We live in a section of country where nature has not been lavish with her gifts. Our soil is sandy and only produces paying crops by high cultivation. Farming with us comes near to being one of the lost arts. We are not tillers of the soil. Living, as we do, within sound of the Atlantic surf, as it beats its everlasting measure upon our coast, we, from associations of birth and early training, plow the Ocean for a living, the furrows frequently stretching from pole to pole, or to the opposite side of the globe. Few, very few, keep cows. A large proportion of our people do not keep any, and it is not common to find many that have more than one.
We keep a good grade Jersey, and will give our way of keeping one cow, having learned long ago, that stock of any kind paid for good care. Keeping a lot of cattle or hogs, or poultry, and simply feeding what we happen to have, or what we can buy cheap, leaving them to shift for themselves in cold and stormy weather, or giving them wet uncomfortable stables, always results in disease to the stock and loss to the owner.
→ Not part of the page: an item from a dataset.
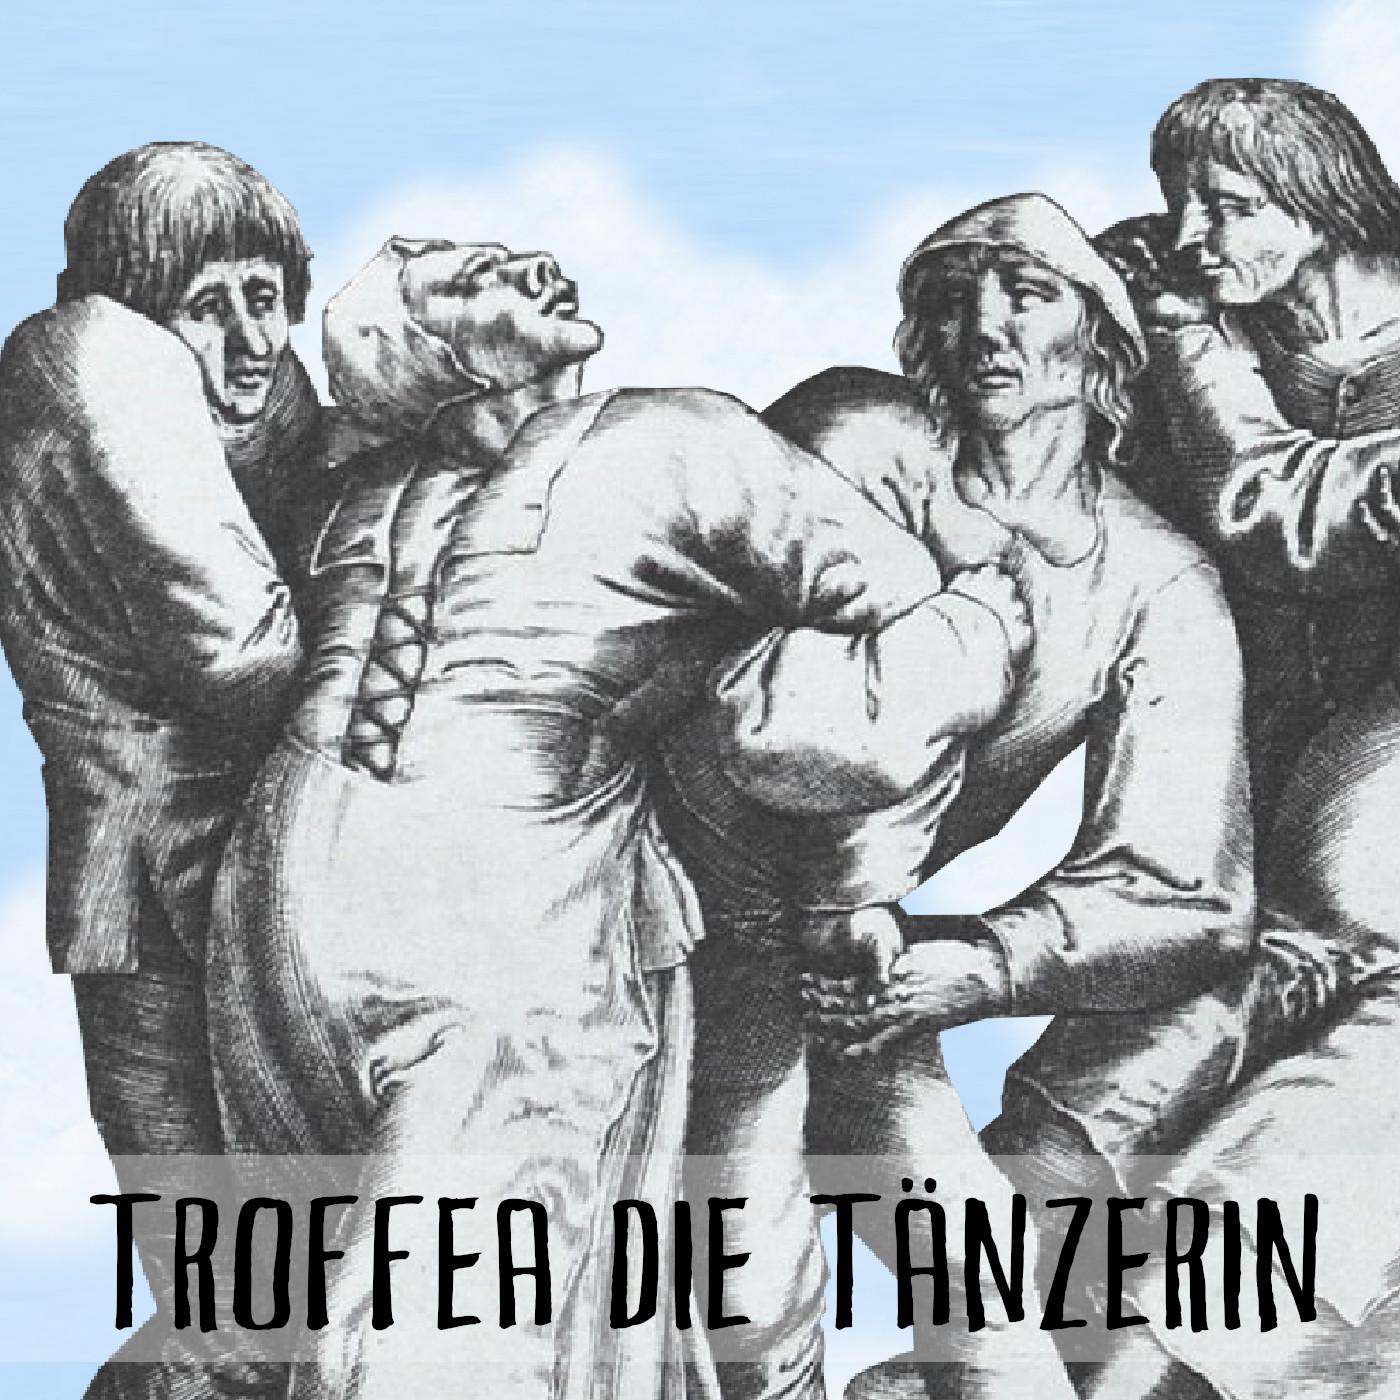 Podcast Cover: Old painting of a dancing crowd in Alsace during the dancing plague. Podcast Logo: Altes Gemälde einer tanzenden Menschengruppe im Elsass während der Tanzwut.

We sow as early in the spring as the ground is in condition to work, forty rods with a mixture of oats and peas, and forty rods in spring rye. We commence cutting our oats and peas as soon as the peas begin to bloom. Where we have a good stand, a rod per day, divided in three feeds, morning, noon, and night, is generally enough. As soon as we have cut about ten rods we plow under the stubble, and plant Early Minnesota Sweet Corn—rows two and one half feet apart—hills two feet in the rows, leaving two and three stalks in a hill. The next ten rods we serve in the same manner. If our rye is now grown enough to cut with profit we commence feeding it, and cut the balance of our oats and peas, and cure them for winter.
If our rye is not fit to cut for soiling, we continue to use our oats and peas until it is, and then cure for winter what is left. As soon as the last of our oats are off, we plant about four rods with beets (mangel wurzel). We prefer the Globe varieties, as the yield is better on our soil. The balance of our oat-and-pea ground we sow with Hungarian grass.
As soon as we have cut ten rods of our rye, we manage as with our oats, turn under the stubble and again plant sweet corn. The earlier the variety the better. We prefer the Early Minnesota. As[93] soon as we have cleared off the next ten rods of our rye, we plant from two to four rods with turnips. The balance we sow with a mixture of Hungarian and the earliest “Canada Gray” pea. We now feed our rye until our first planting of corn and Hungarian will do to feed, when we turn under the rest of the rye stubble (curing what is left of the rye for winter), sow half with Hungarian and the balance we sow (not plant) with sweet corn. As soon as our first planting of corn is cut up, we sow two or three rows broadcast with flat turnips, some of the strap-leaved varieties, hoeing or raking them in by hand. We continue to plant or sow some quick-growing variety of corn, peas, grass, grain, or roots, even when it is very doubtful if we shall receive any return for our time and work; but we frequently get a fair yield from our third planting. I presume a great many will be sceptical in regard to this “third crop business.” It must be remembered that our first sowing is made very early in the spring, and that we do not wait until any of our forage crops mature, but we cut them long before they would be ripe, thereby shortening the time of their growth and leaving the ground to be planted with something else.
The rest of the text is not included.